Peter shook his head. “It’s too big of a risk. I can’t let you go.”
“Listen, Peter, if Lang had not come back through town in his heroic attempt to save people, I wouldn’t be here anyway. And you wouldn’t be worrying about me, would you? I’m not going back into town, friend. I’m just going to the tunnel. I can be back in a few hours’ time.”
Peter wanted to argue with him, but the older man knew that Cole had made up his mind. He tried to recruit Natasha and Lang to help him dissuade Cole from the trip back to the tunnel, but they’d both, surprisingly, been on the younger man’s side.
“He’ll need his vision if he’s going to survive long out there, Peter,” Natasha said. “Who knows when, or if, such glasses will ever be available again in our lifetimes? We will need every tool we can muster if we’re to make it to safety.”
Cole looked at Peter and saw the seriousness in his face. “Please, Peter.”
Peter sighed in resignation. “Ok,” he said. “But if one person is going back, then we all go back.”

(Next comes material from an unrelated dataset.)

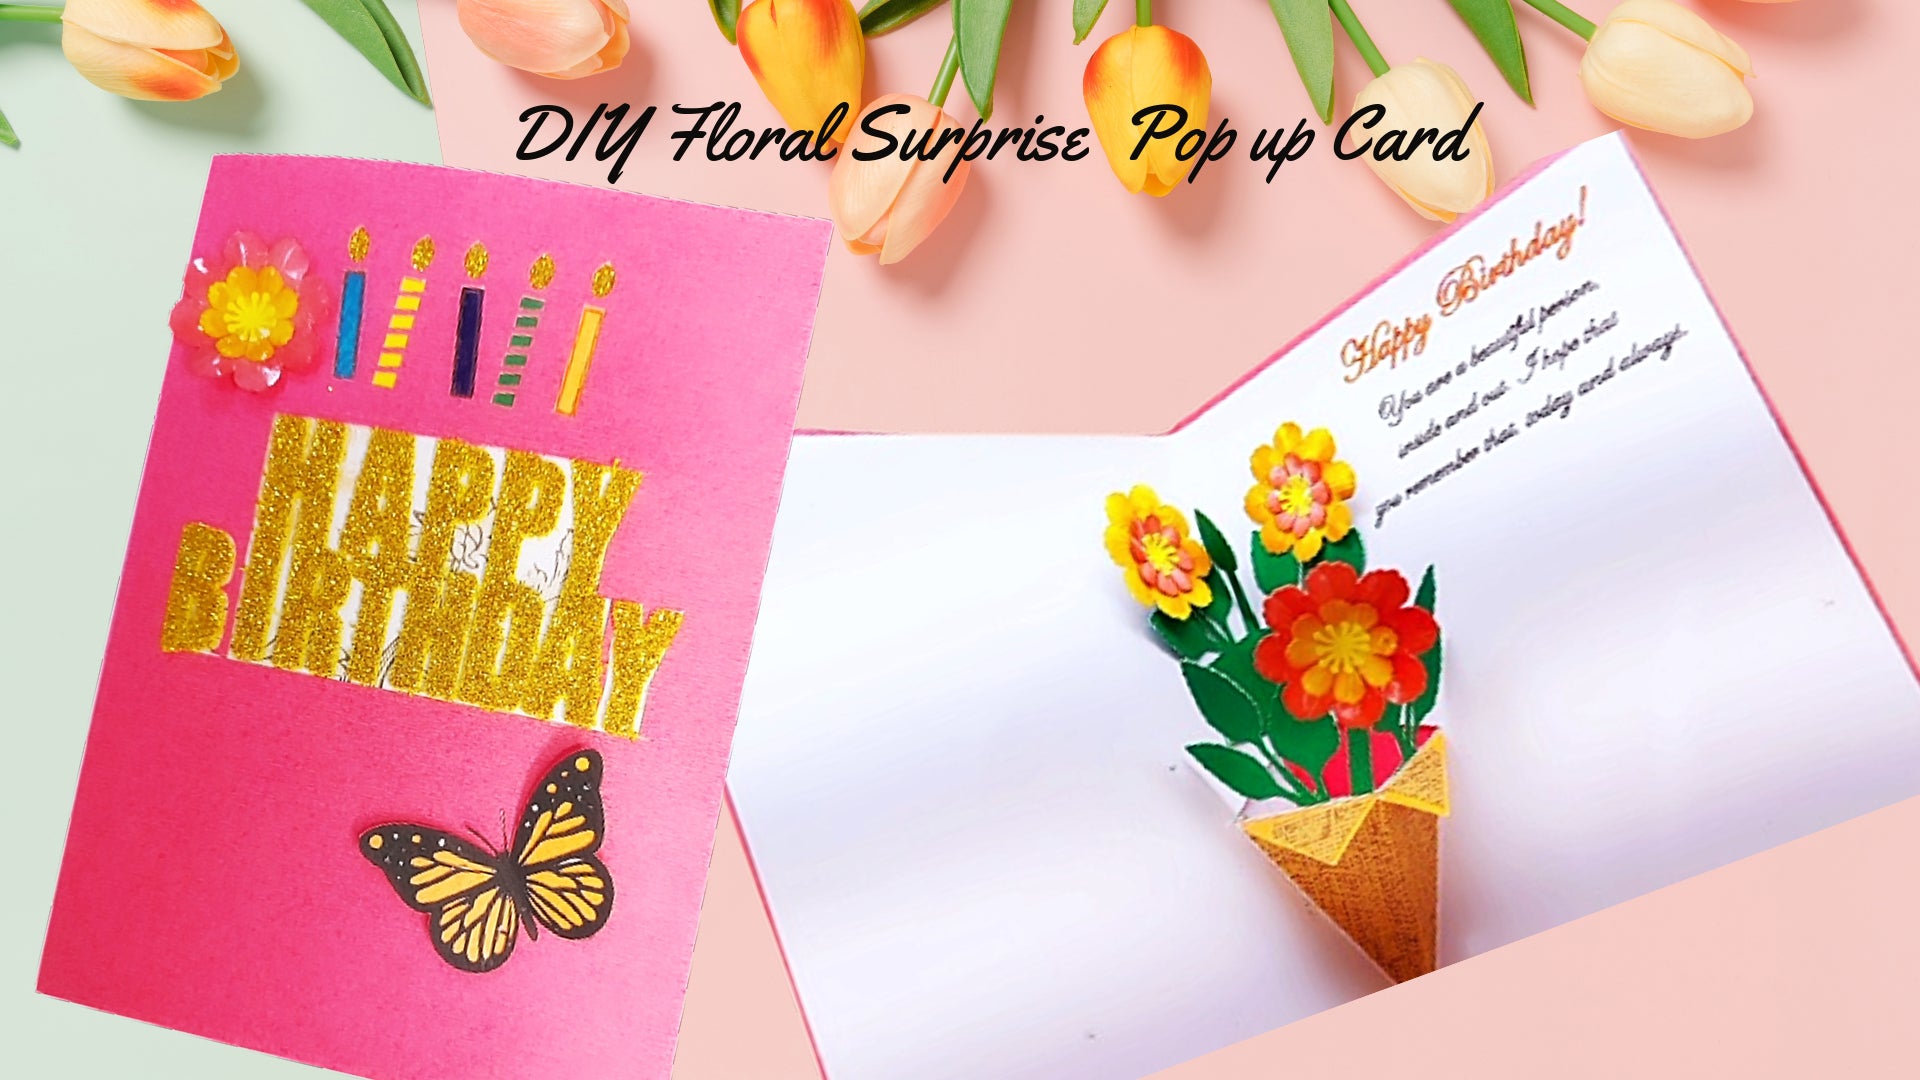 Floral surprise Pop up Card Template (Free) - Ahaeli

Cole protested. “No. I’ll go alone. It is my responsibility and I will manage it.” He was respectful, but he persisted. “I can see fine during the bright daylight, and it w
ould be silly and foolish for all of us to put our lives in danger just because I was stupid enough to forget my glasses. It was my mistake, and I need to fix it.”

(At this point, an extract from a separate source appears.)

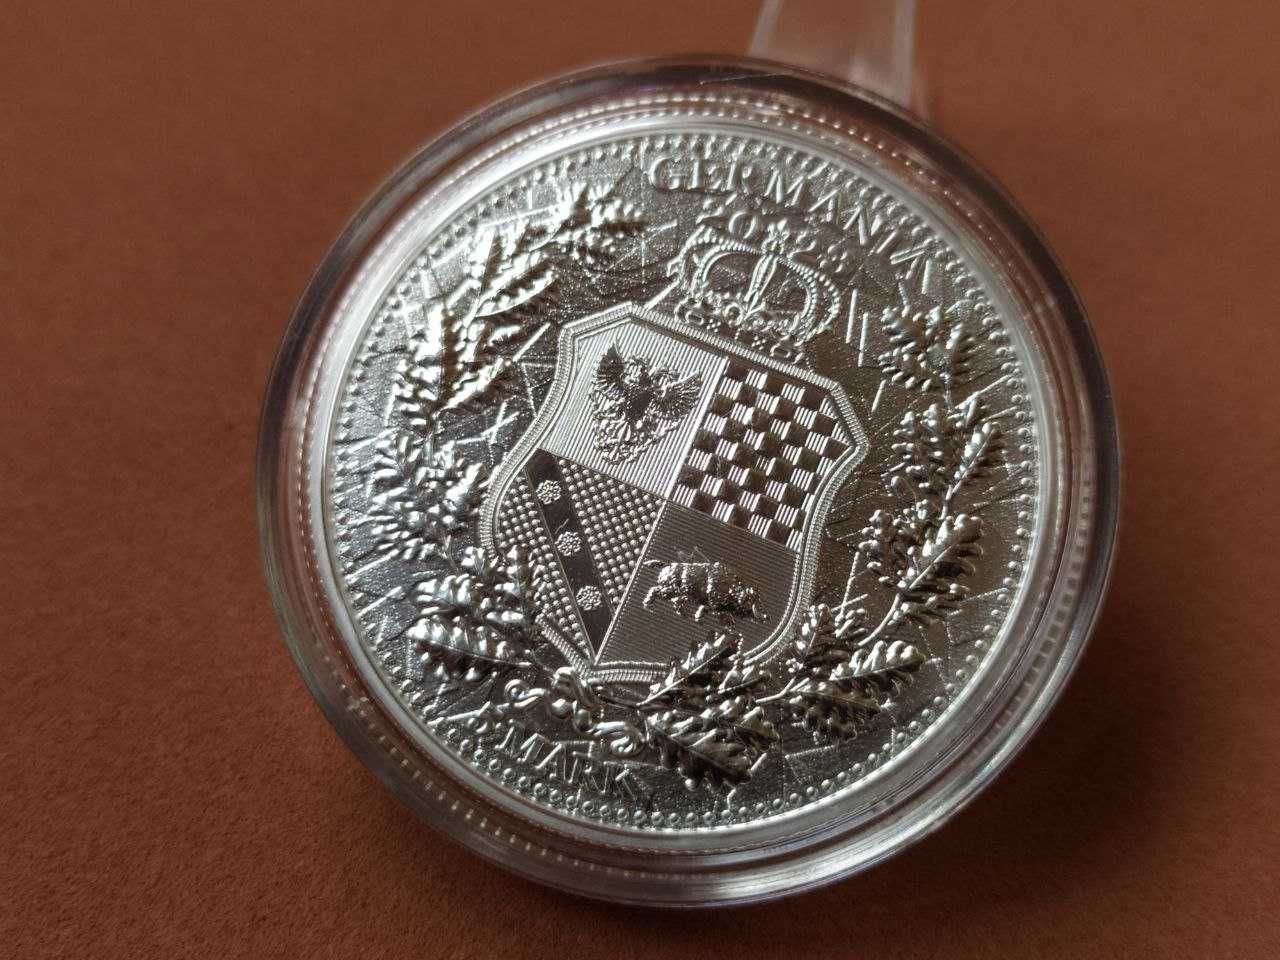 Аллегории: Галия и Германия 2023. Инвестиционная монета. Серебро 999
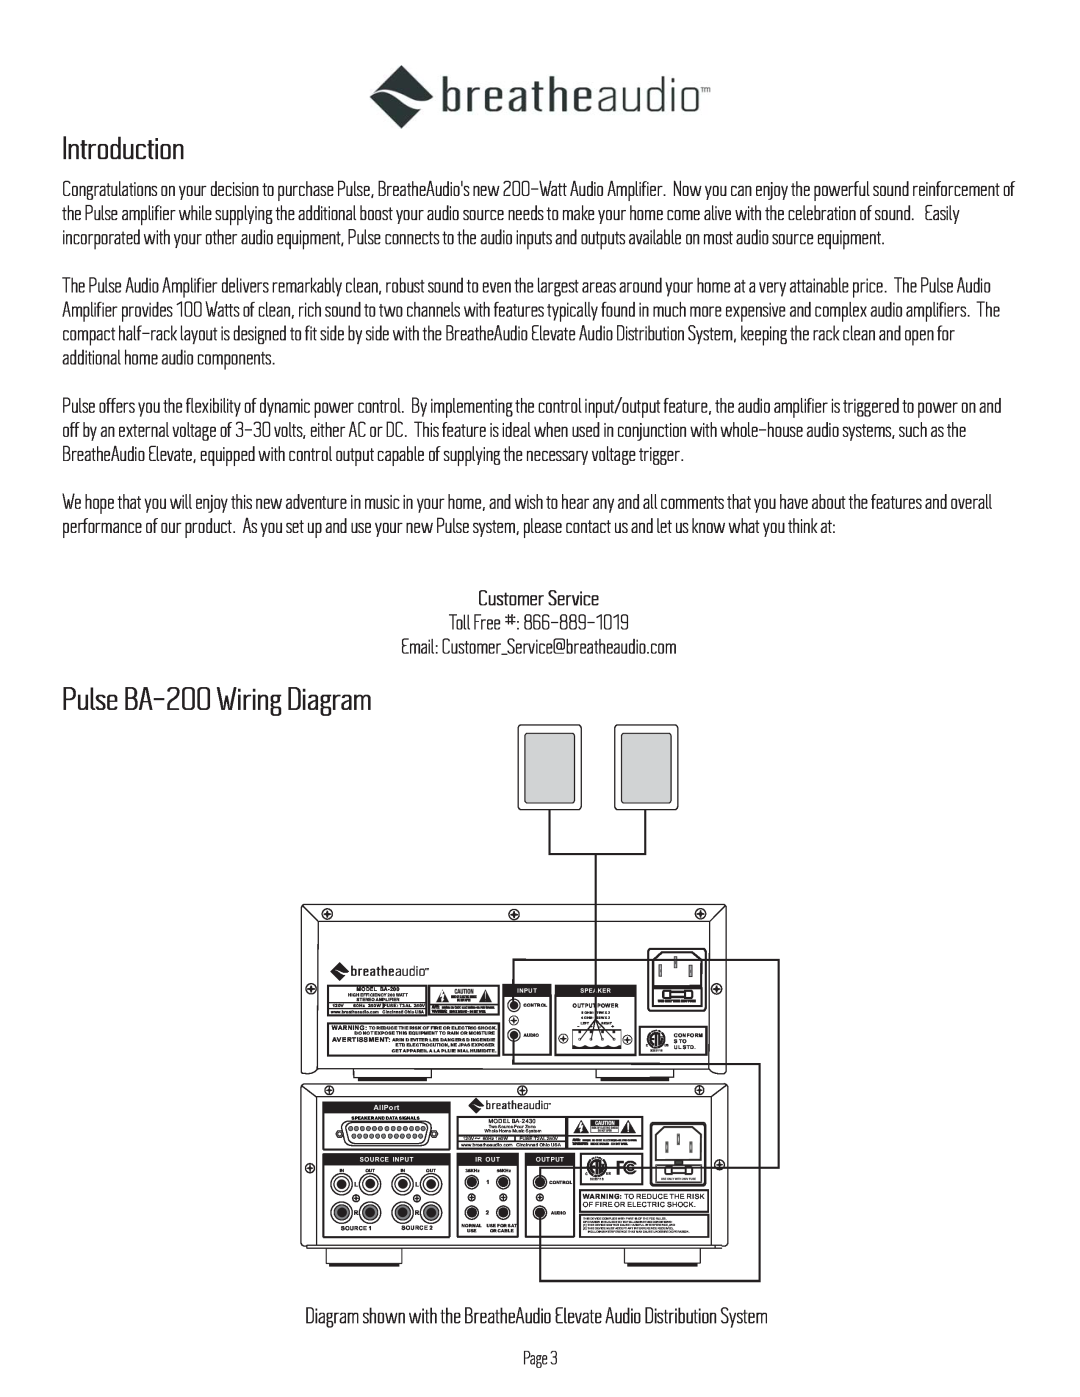 BreatheAudio owner manual Introduction, Pulse BA-200Wiring Diagram, Customer Service

“But if we all go, Cole, then we can protect each other and cover for one another if something happens.”
“If something happens, Peter, then that means that things have gone horribly wrong, and we will have the whole group at risk.” Cole knew enough to appeal to Peter’s leadership feelings and his responsibilities. “I know you would admit that, in a worst case scenario, you would rather lose one unimportant member rather than the whole group. Be reasonable. You have Natasha and Lang to think about. I need to go alone.”

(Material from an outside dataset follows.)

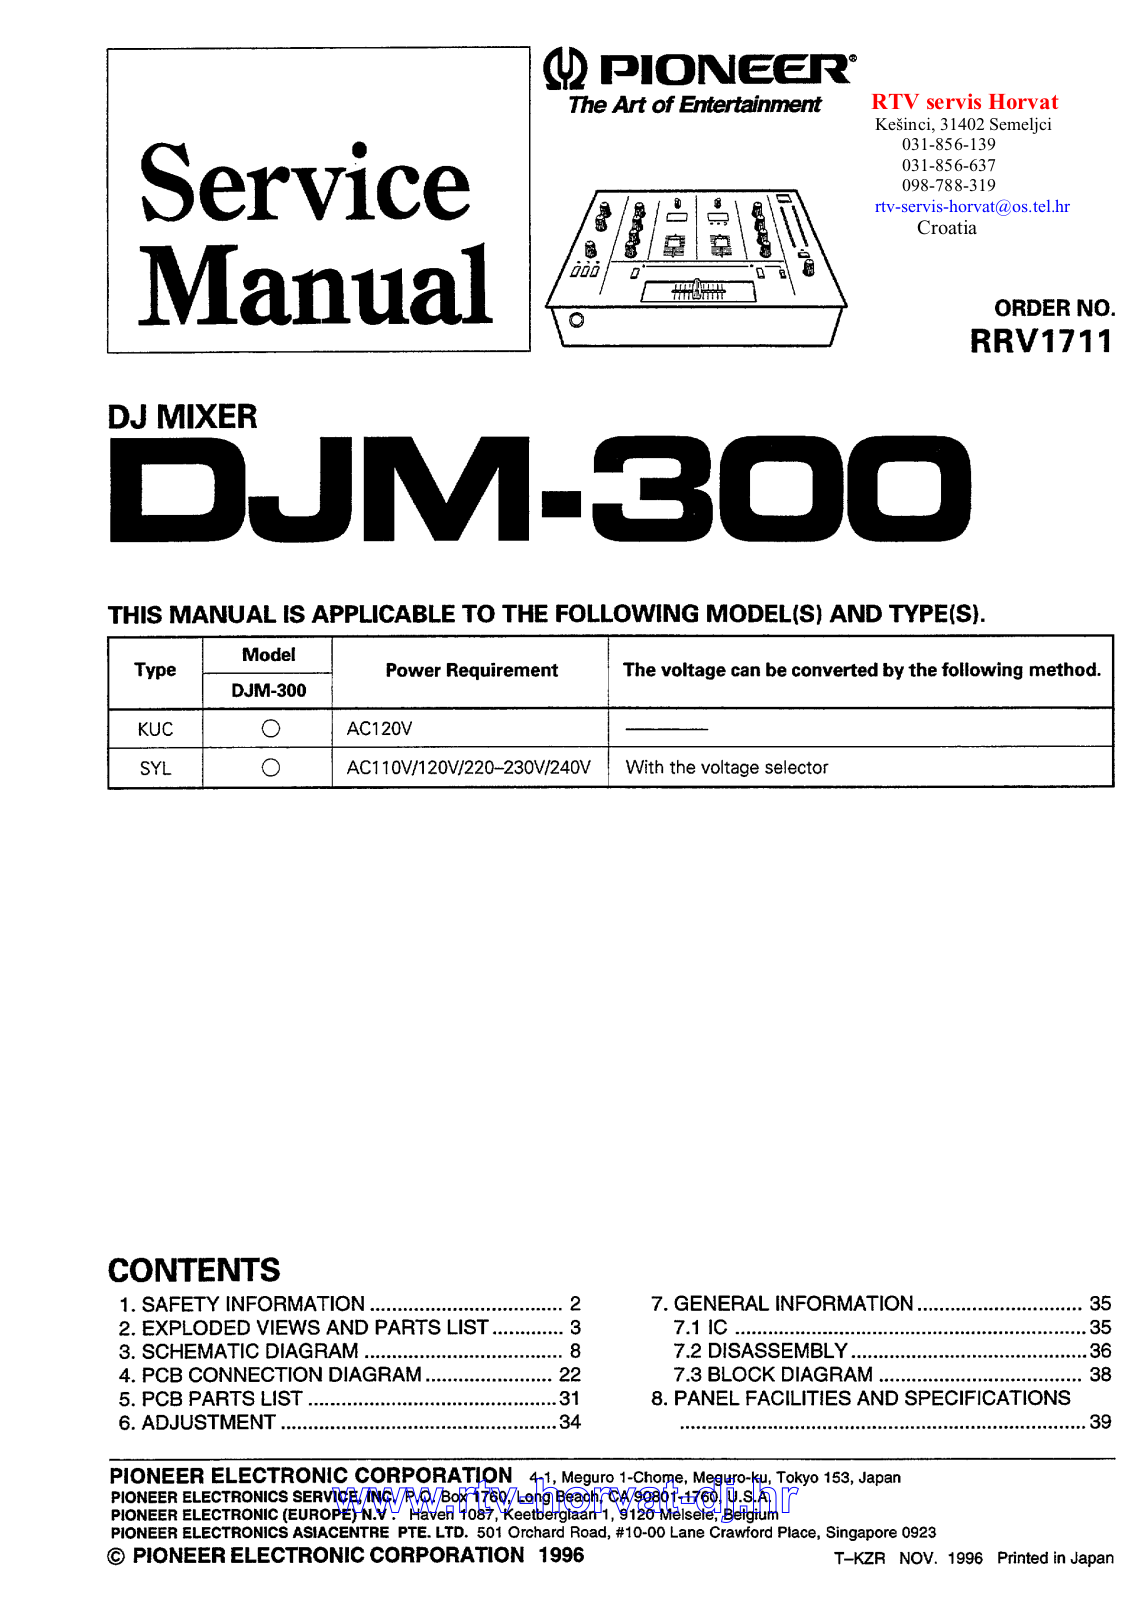 LG DJM 300 Service Manual

Lang chimed in with his agreement. He also believed that it was a bad plan to travel back as a group. They were more likely to be seen with four of them trying to make it back into the tunnel, he suggested. Peter considered the case and saw the reasonableness of this conclusion.
“I see your logic, Cole, but please do not say that you are unimportant. I don’t think that you are unimportant to your sister, and you are certainly not unimportant to me or Lang. I’ll allow it, but you should at least wait until tomorrow. It’s late in the day now, and it’ll be getting dark soon.”
“Ok, Peter,” Cole said, smiling.
“And if you don’t make it back, I’ll be very upset with you—and with myself for giving in to you.”
“You’ll see me again, Peter. Never you worry. In the end, you’ll see that this is much ado about nothing.”
“Yes, well, let’s hope. So far it seems more like a comedy of errors, with very little to laugh about.”
Cole smiled at this, and gave his friend a thankful squeeze on the shoulder. He looked at him and suddenly felt overwhelmed with the warmth of emotion.
In short order, it was arranged, and on mid-morning the next day, Cole started off on his retreat back to the tunnel.